The growing complexity of simulation models requires a formal system that helps in model specification. This is truer still when the different individuals working to build the model come from different areas, and especially if the model is evolutionary. An example would be a social model or an economic model with engineers, economists, sociologists, psychologists and other researchers working on it. This factor, detailed in Werner and Werner (1972), makes it necessary to establish a common mechanism to help in the definition of elements’ behavior. Nevertheless, due to the diversity of the various elements of the model (some of which could be considered submodels), some formalisms are easier to use than others. The relative speed of the different submodels can be a good indicator for determining what is best in each case.
Mechanisms to transform models between different formalisms can therefore be useful. They allow the use of different formalisms depending on the submodel and help integrate the specification of the entire model through the formalism transformation.
In his paper “DEVS as a common denominator for multi-formalism hybrid systems modeling” (Vangheluwe 2000) Hans L. M. Vangheluwe clearly expresses the need to establish mechanisms for working with models specified by different formalisms. He explains three of the main mechanisms for doing this:
- Meta-formalism: A formalism that incorporates the different formalisms of the various submodels that make up the system.
- Common formalism: A mechanism that converts all formalisms to a common formalism.
- Co-simulation: Independent simulators that work together.

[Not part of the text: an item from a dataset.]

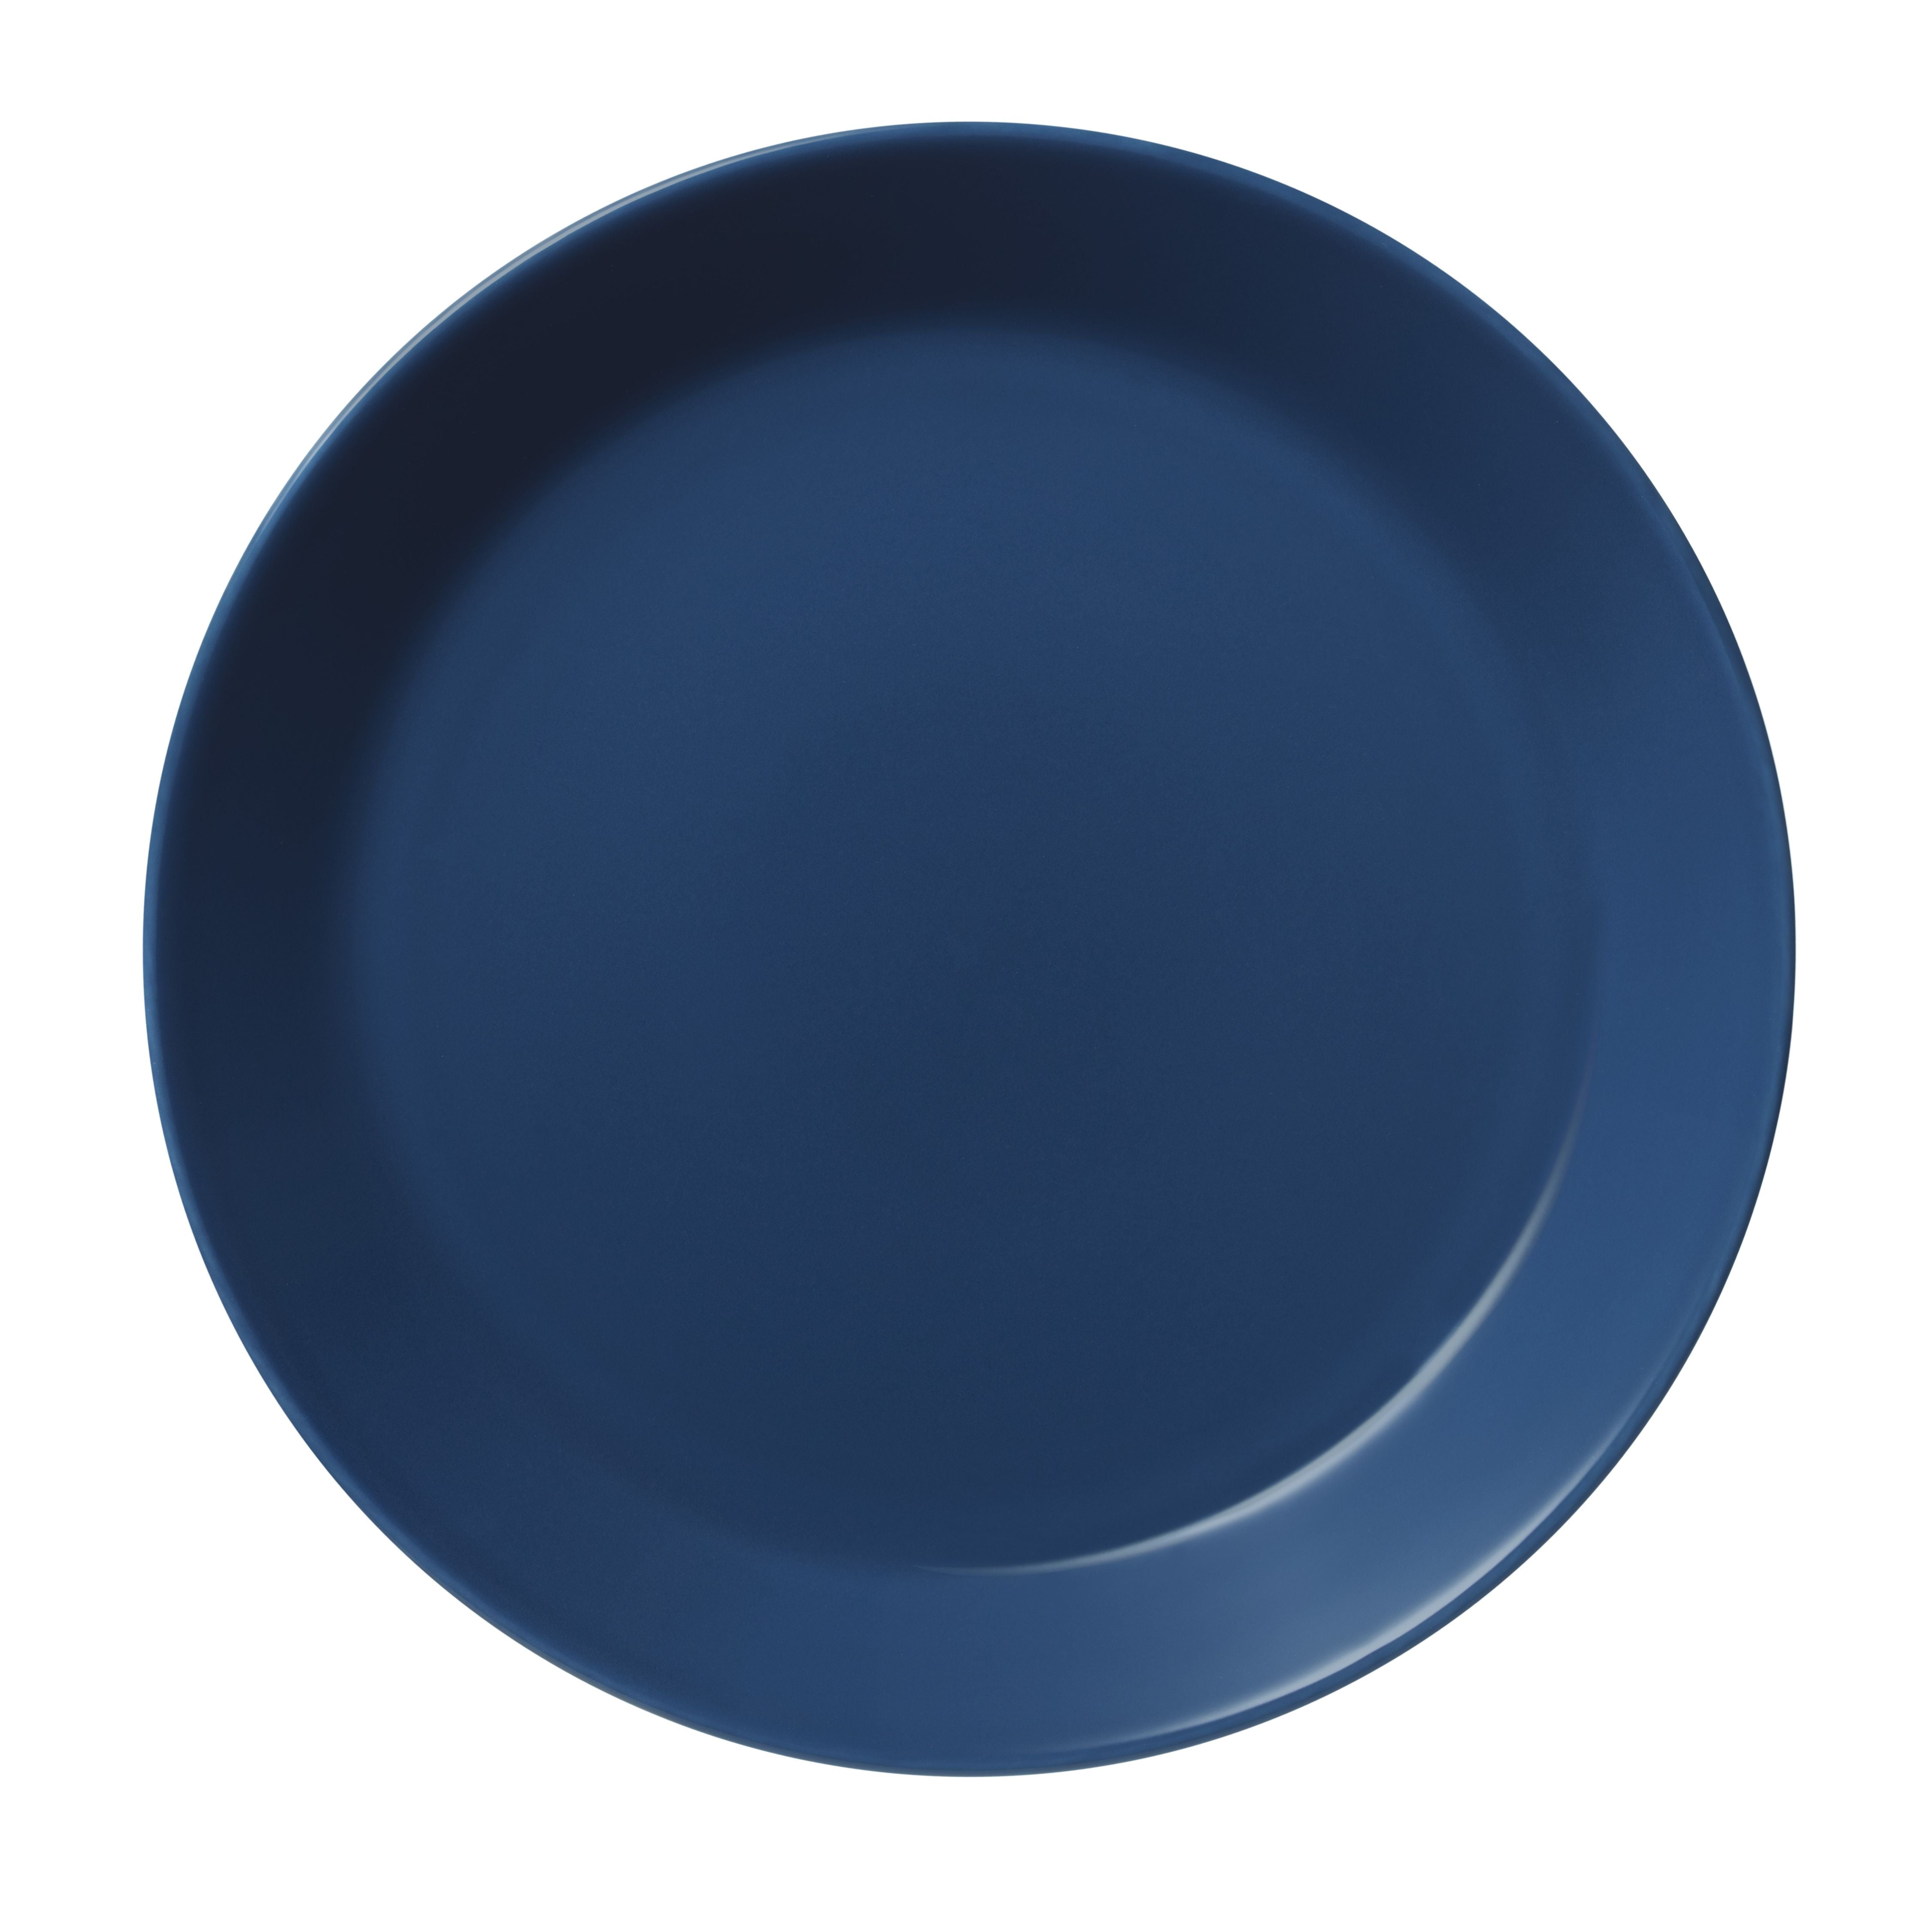 Iittala Teema Plate 23cm, azul vintage
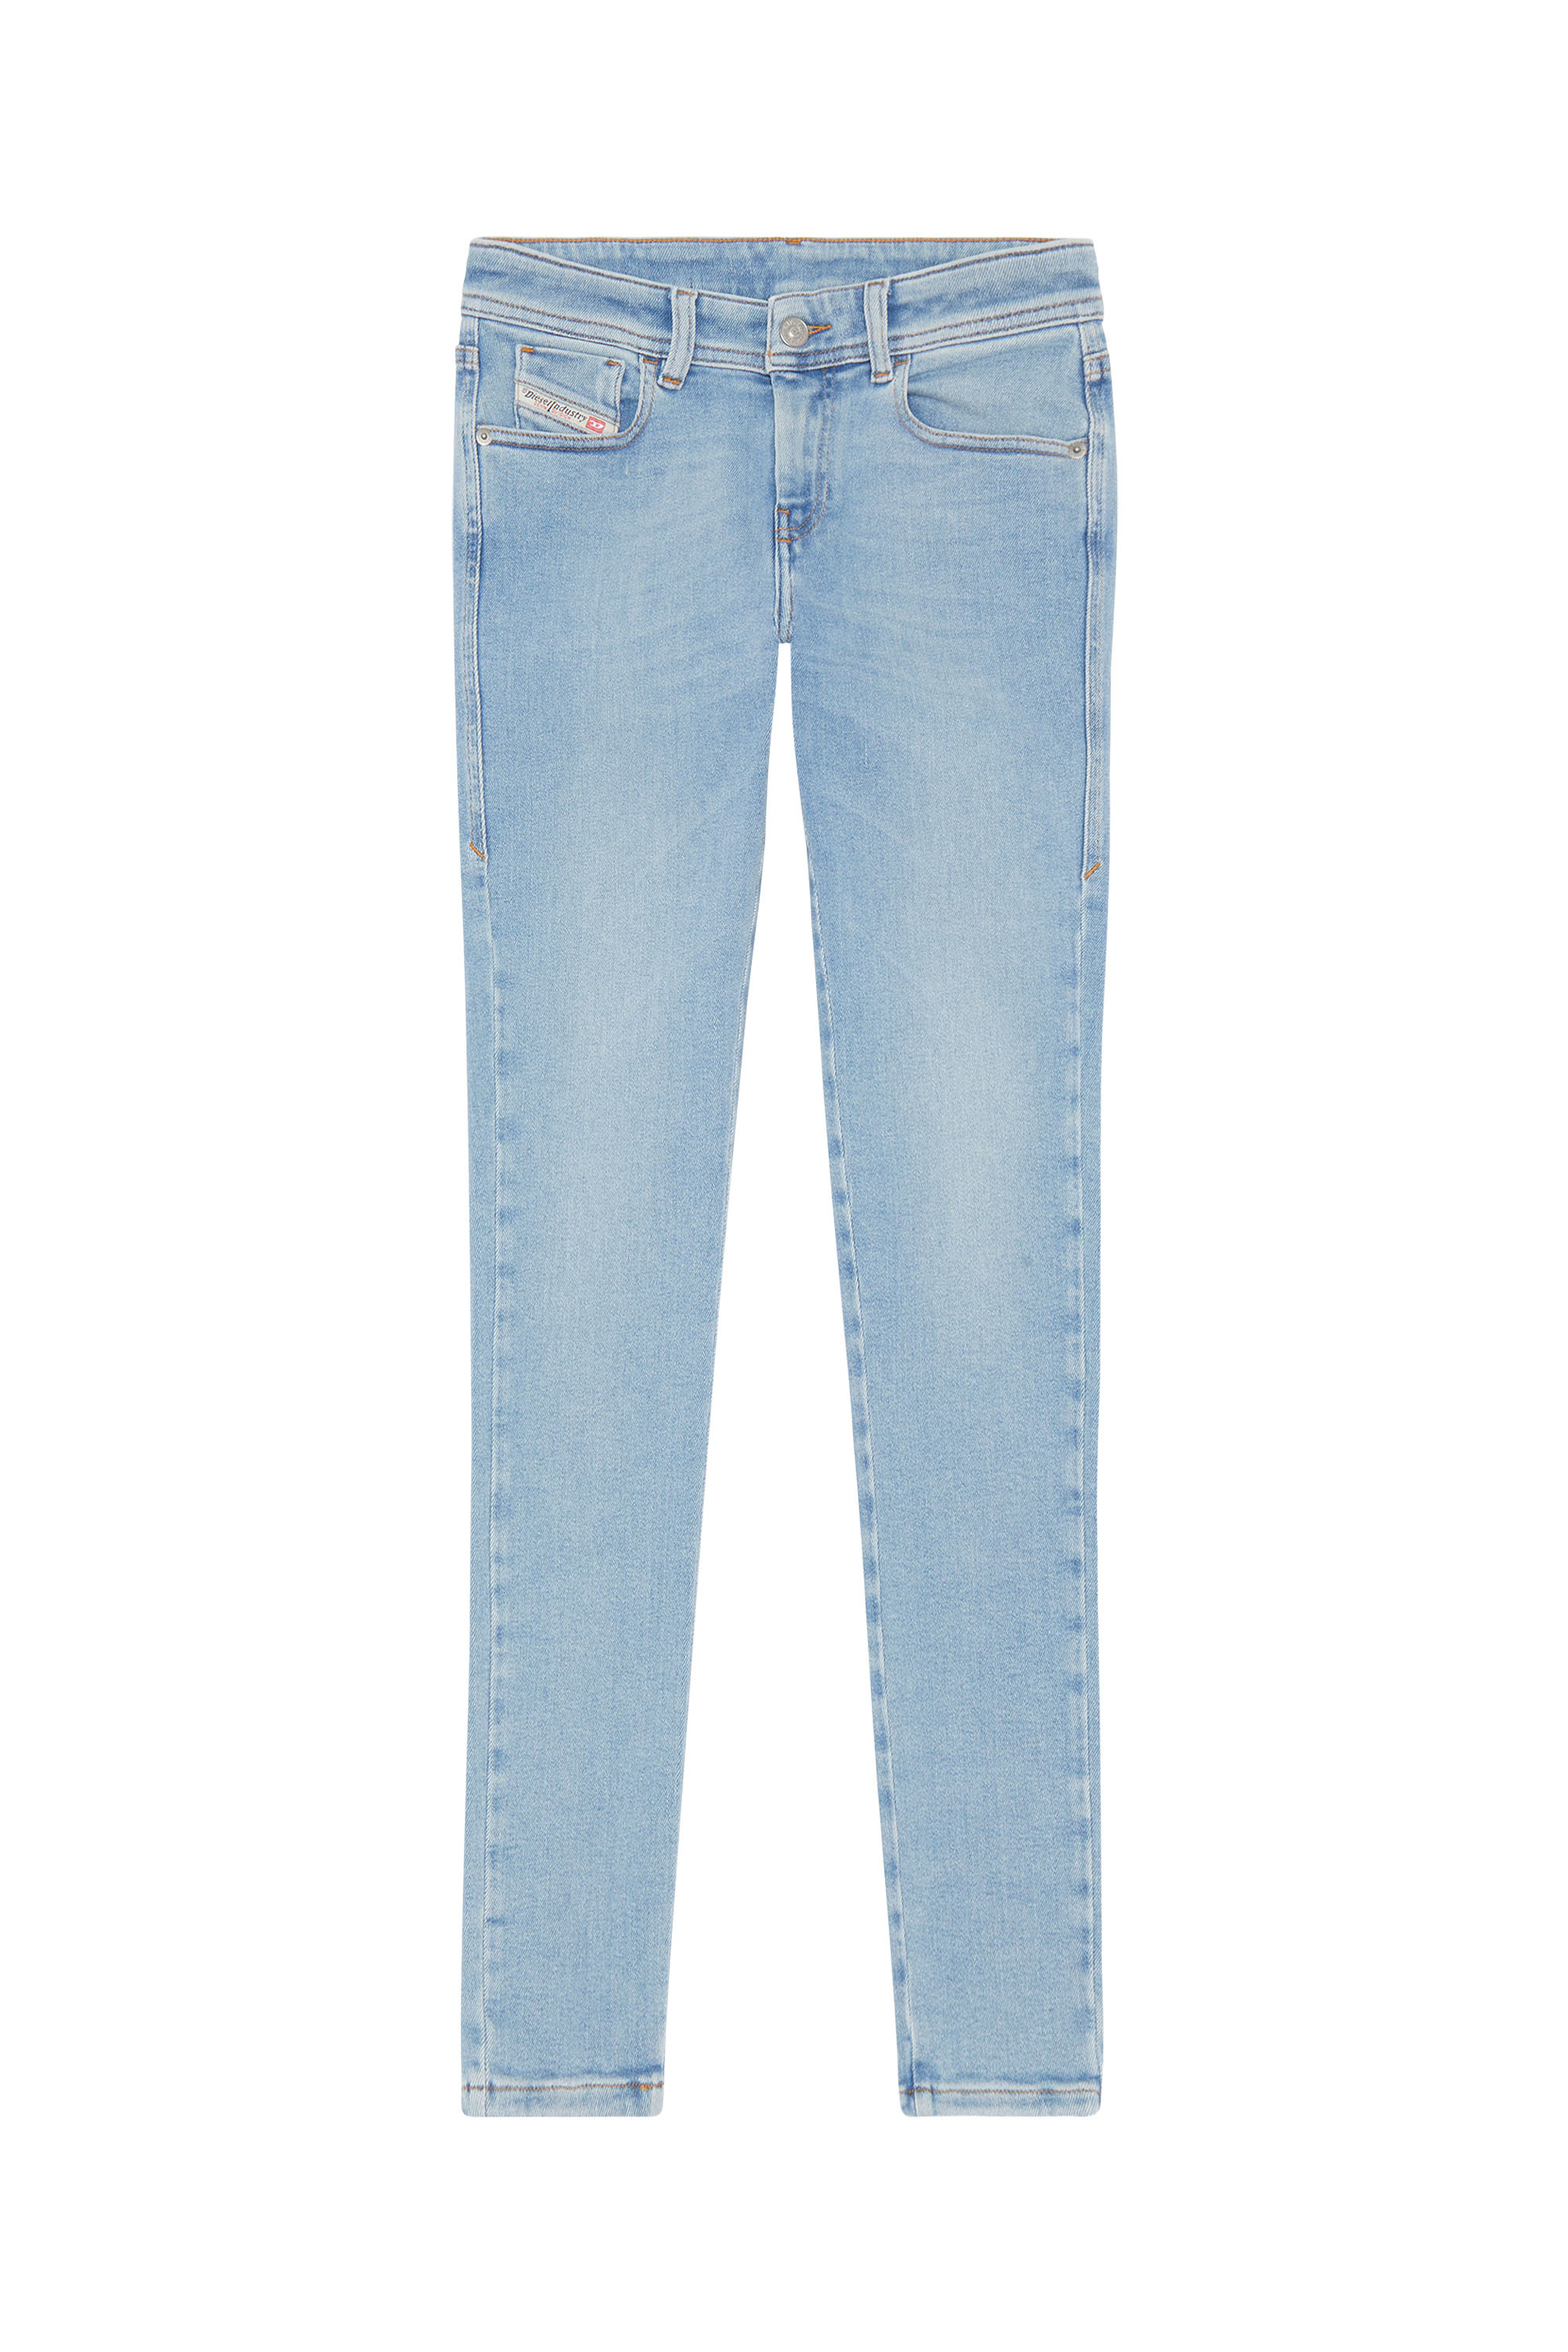 Diesel - Super skinny Jeans 2017 Slandy 09F87, Light Blue - Image 4

The specification formalism must be easy and clear, so that people who are not used to working with formalisms can quickly understand the model. The formalism must also be powerful, so that the complexity of the model can be represented.
It is difficult to determine if one formalism is simpler than another, because everyone has a personal preference. This chapter therefore presents a theoretical connection between two of the most widely used specification formalisms: DEVS and SDL.
DEVS, developed by mathematician Bernard Zeigler in the 1970s, is one of the most powerful formalisms for the specification of discrete event systems (DES). It is based on systems theory, which makes it universal. Hence, all other formalisms can be represented through DEVS models (Zeigler and Vahie 1993). That is, models represented by a Petri net or by differential equations can be represented in a DEVS model. Hybrid models are more complicated, but can also be represented by DEVS.
In his paper “Structure, flow, change: toward a social systems simulation methodology” (Werner 2000), Ronald Werner proposed the creation of an environment to describe sociology models: “The modeling environment consists of three structural elements: (1) The social system states are symbolized by circles. (2) The social processes are symbolized by rectangles. (3) The direction of flow is symbolized by directional arrows.”
This work clearly expresses the need for a graphical representation of model structure. Werner's model representation environment has similarities with the SDL formalism, which leads us to believe that it could be a good graphical representation formalism for DEVS in the social sciences and, more generally, in evolutionary models.
Werner, Roland; Werner, Joan T. 1972. A pragmatic approach to social systems modeling and simulation. Social Systems Simulation Group, San Diego State University.
Werner, Roland. 2000. Structure, flow, change: Towards a social systems simulation methodology. Social Systems Simulation Group. San Diego State University.
Zeigler, Bernard P.; Vahie, Sankait. 1993. DEVS formalism and methodology: unity of conception/diversity of application, in the proceedings of the 25th Winter Simulation Conference. pp. 573-579. 12-15 December 1993. Los Angeles, California, United States (accessed 17 January 2005).